Background

Mental illness is among the prevalent non-communicable diseases worldwide [1]. Mental health negatively affects both the patient and the family members financially and socially [2]. The stigma attached to schizophrenia creates a vicious cycle of discrimination leading to social isolation, unemployment, drug abuse, long lasting institutionalization or even homelessness, which further decreases the chances of recovery. Families of patients carry the burden of caring for patients through restricted social activities and economic problems [3]. Relapse costs a lot for patients and their families and imposes a financial burden on hospital and community services [4]. Costs for relapse cases were four times higher than that of non-relapse cases [5]. Relapse cases are associated with hospital admissions. The cost of hospitalization contributes to one- to two- third of the cost for the care of schizophrenia [6]. Relapses may also lead the patients to stay on medication for a longer period of time [7]. Relapse was associated with medication side effects [811], substance use [1215], long stay before initiating therapy [1618] and comorbid medical or psychiatric illness [1921].

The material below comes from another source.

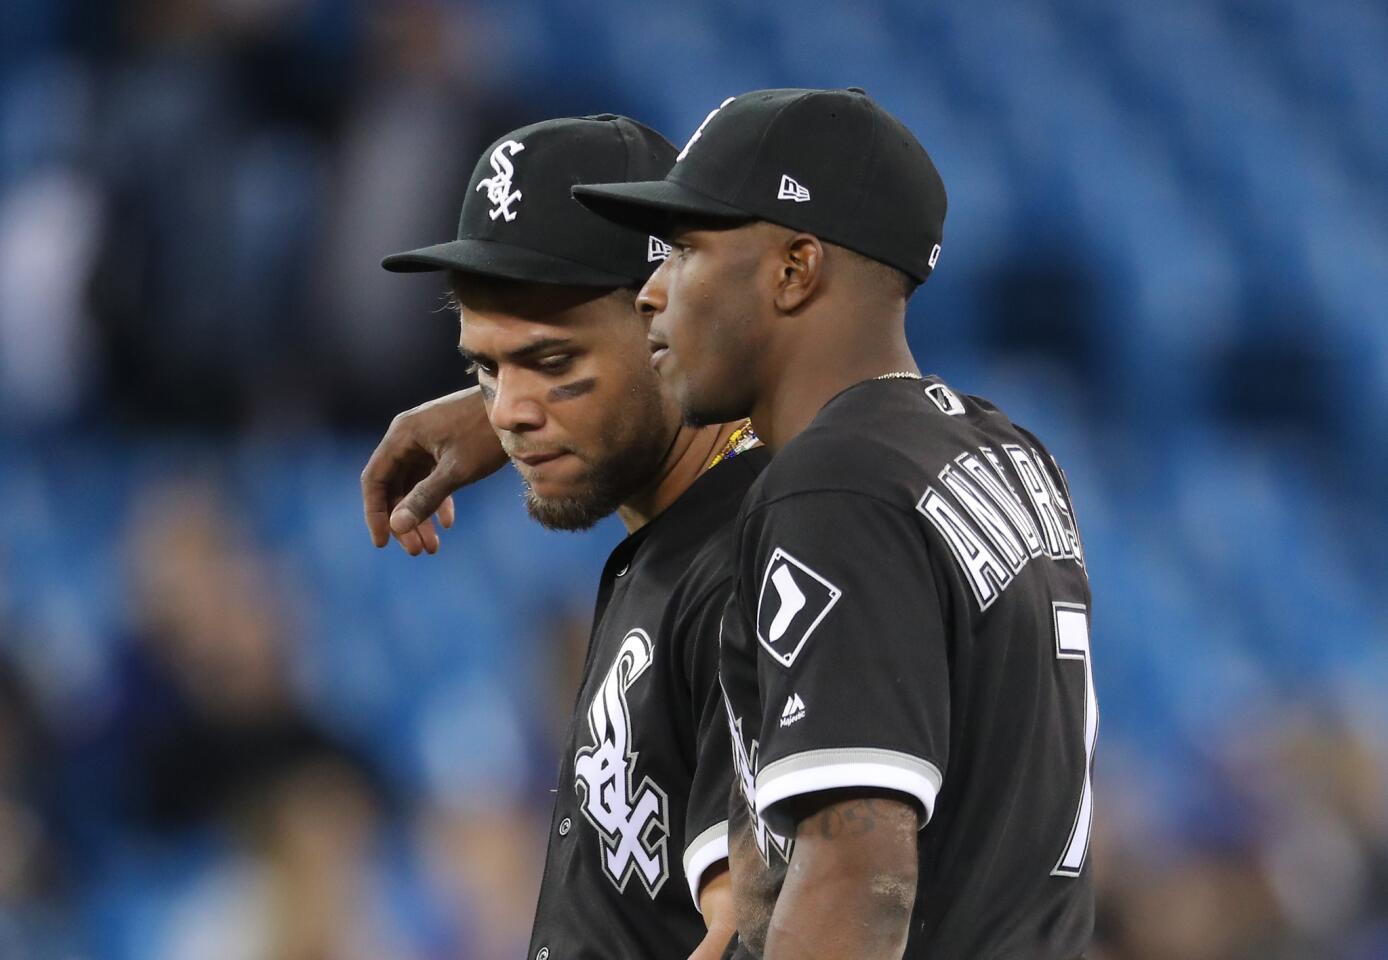 Tim Anderson puts his arm around Yoan Moncada during a pitching change in the eighth inning during MLB game action against the Toronto Blue Jays at Rogers Centre on April 3, 2018 in Toronto, Canada.
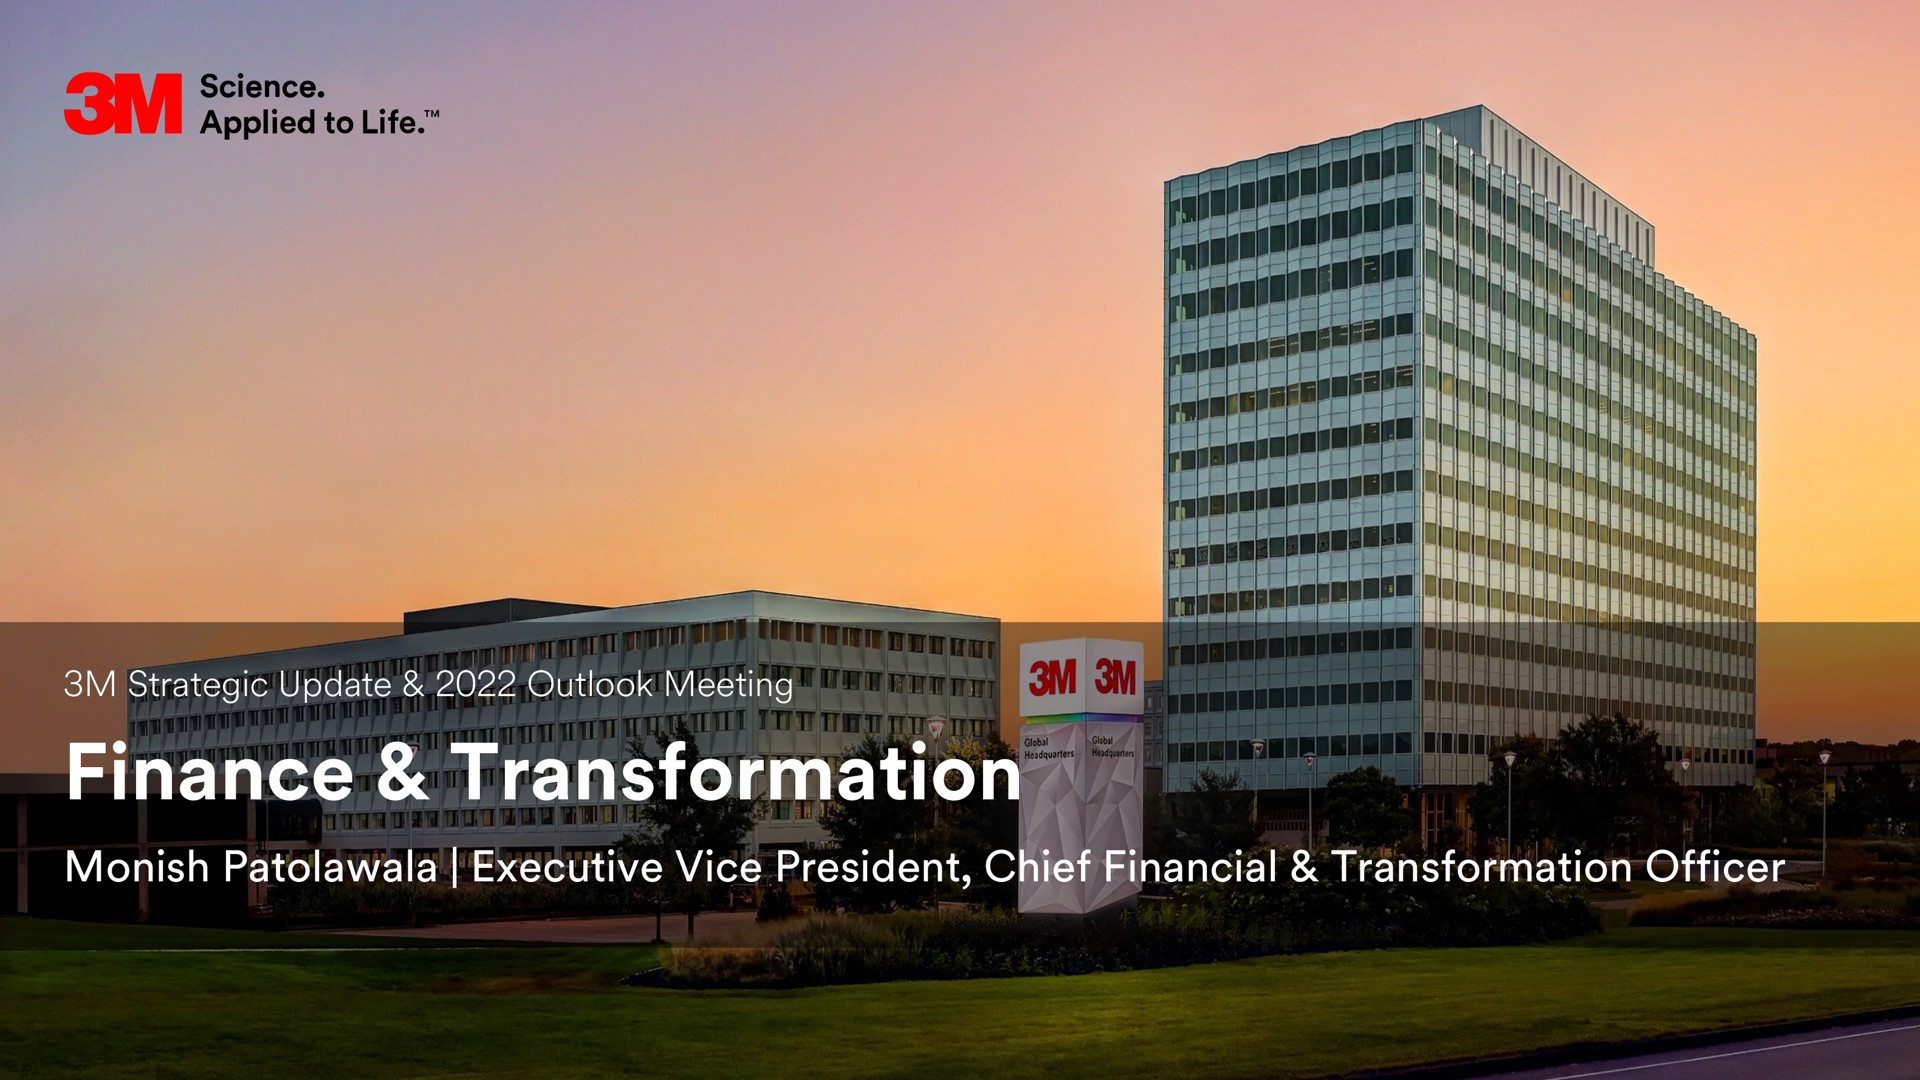 finance transformation executive vice president chief financial transformation officer | 3M

A study conducted in rural Ethiopia showed that, families of patients diagnosed with schizophrenia had spent $16.52 out-of-pocket and on average spent 3.12 (SD = 4.54) days of work due to care giving in one month [22]. However, there is limited data on prevalence of relapse and associated factors among patients with psychotic disorders. Therefore, this research aimed at assessing the prevalence of, and risk factors for relapse among patients with psychotic disorders.

Methods

Study setting

This cross-sectional study was conducted in Jimma University specialized hospital (JUSH), which is located in southwestern part of Ethiopia 354 km far from Addis Ababa. Jimma University specialized hospital provides psychiatric services for inpatient and outpatient services [23]. The outpatient psychiatry clinic at JUSH was established in 1988. Data collection for this research was conducted in November, 2013.

Sample size determination and sampling procedure

The sample size for the study was determined by assuming relapse rate of 50 % giving any particular out come to be with in 5 % marginal error and 95 % confidence interval of certainty (alpha = 0.05). Based on this assumption, the actual sample size calculated for this study was 386. All adult patients were invited to participate in the study consecutively.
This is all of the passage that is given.